Laurence Vanceunebrock is a French woman police officer and politician of La République En Marche! (LREM) who served as a member of the French National Assembly from 2017 to 2022, representing Allier's 2nd constituency.

Political career
In parliament, Vanceunebrock served as member of the Committee on Social Affairs. From 2021, she was the parliament’s rapporteur on legislation to ban so-called conversion therapies that attempt to change an individual's sexual orientation.

In addition to her committee assignments, Vanceunebrock chaired the French-Danish Parliamentary Friendship Group.

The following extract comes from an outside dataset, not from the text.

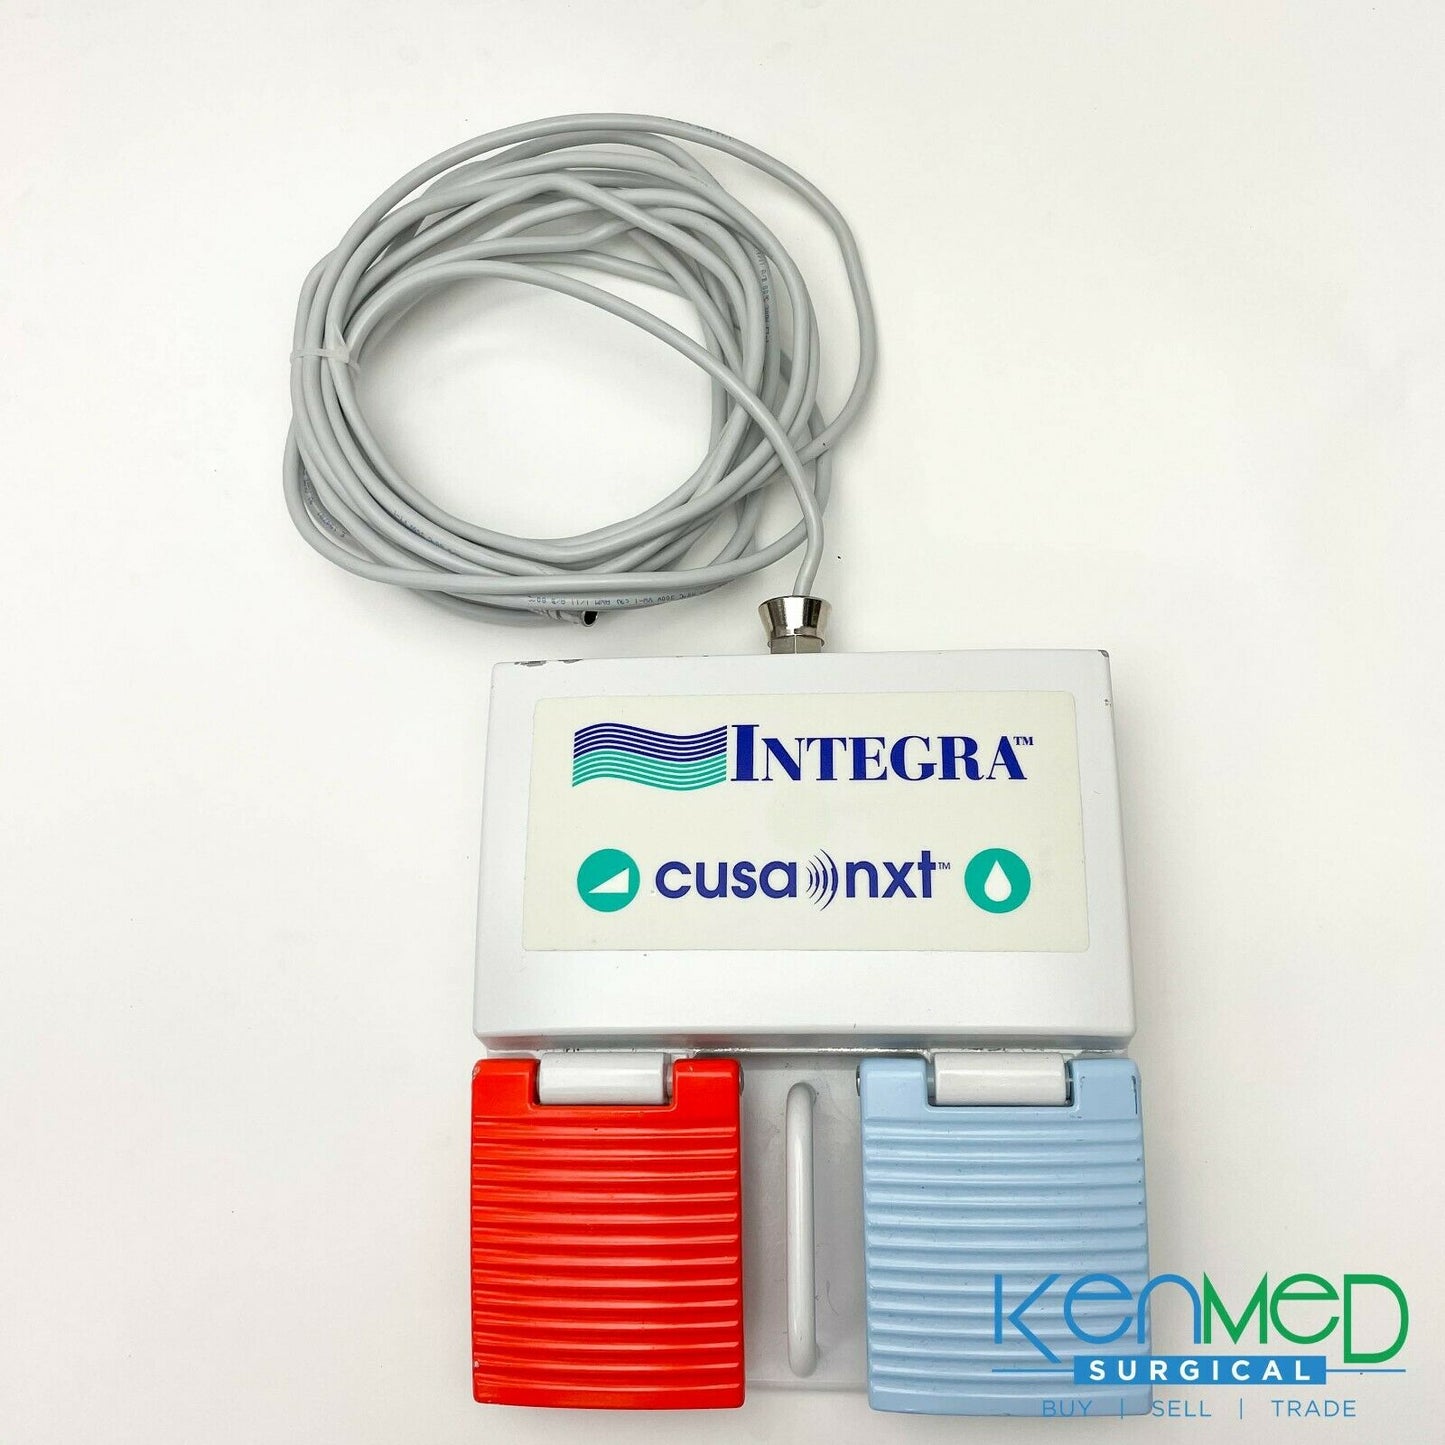 Integra CUSA NXT Ultrasonic Surgical Aspirator System and Foot Pedal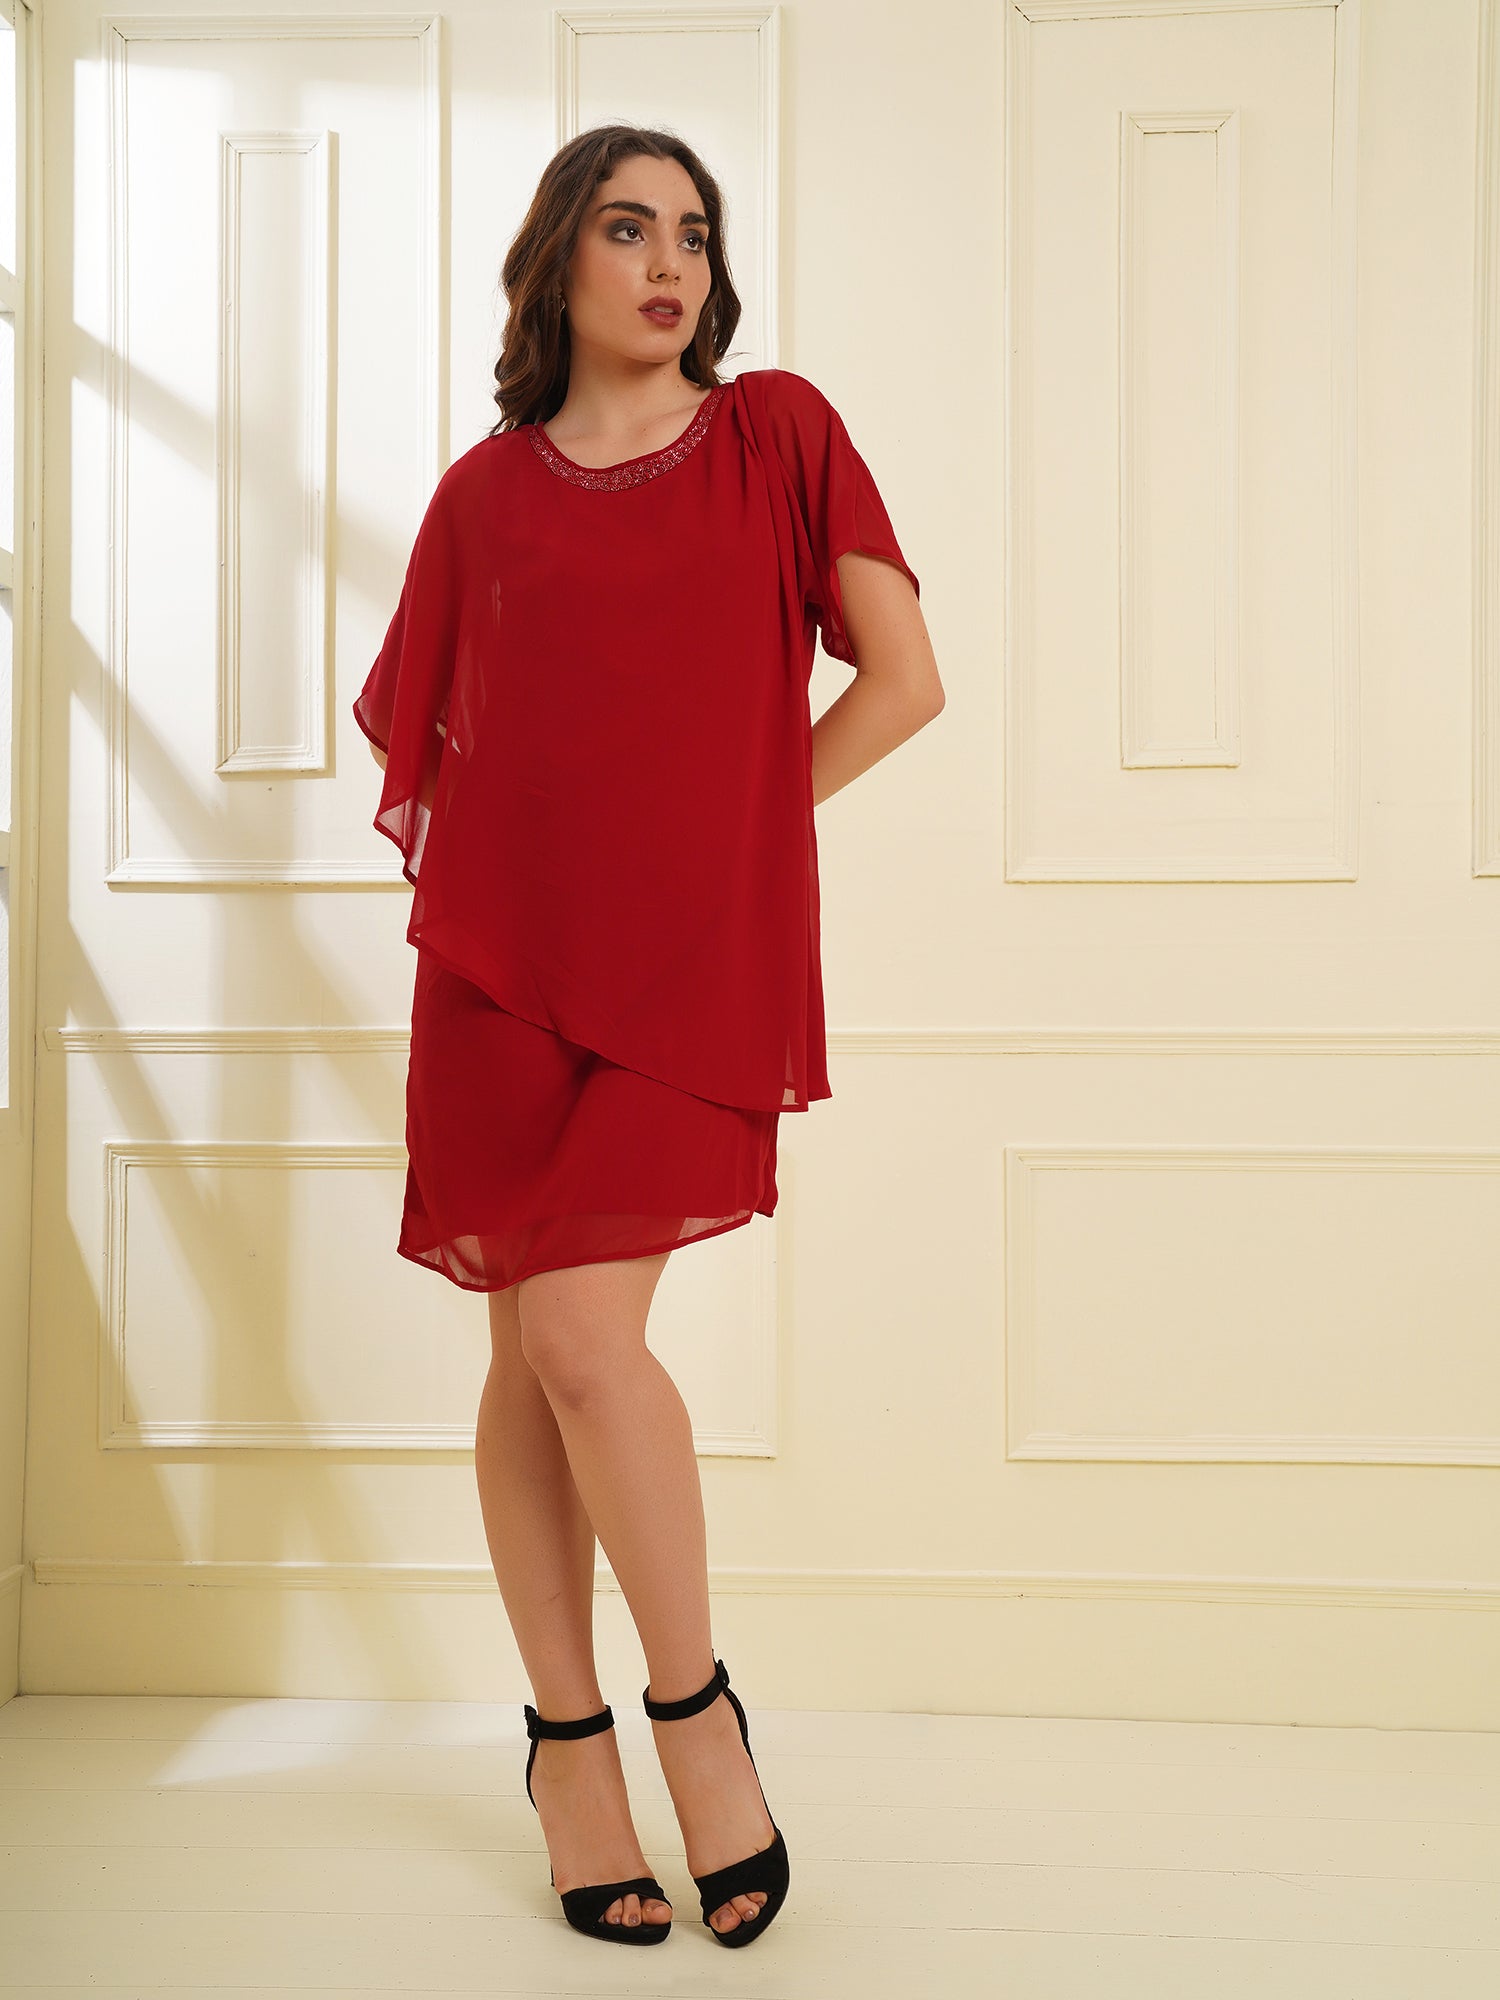 attic curves popover red dress with neck embellishment

Vanceunebrock lost her seat in the first round of the 2022 French legislative election.

Political positions
In 2018, Vanceunebrock joined other co-signatories around Sébastien Nadot in officially filing a request for a commission of inquiry into the legality of French weapons sales to the Saudi-led coalition fighting in Yemen, days before an official visit of Saudi Crown Prince Mohammed bin Salman to Paris.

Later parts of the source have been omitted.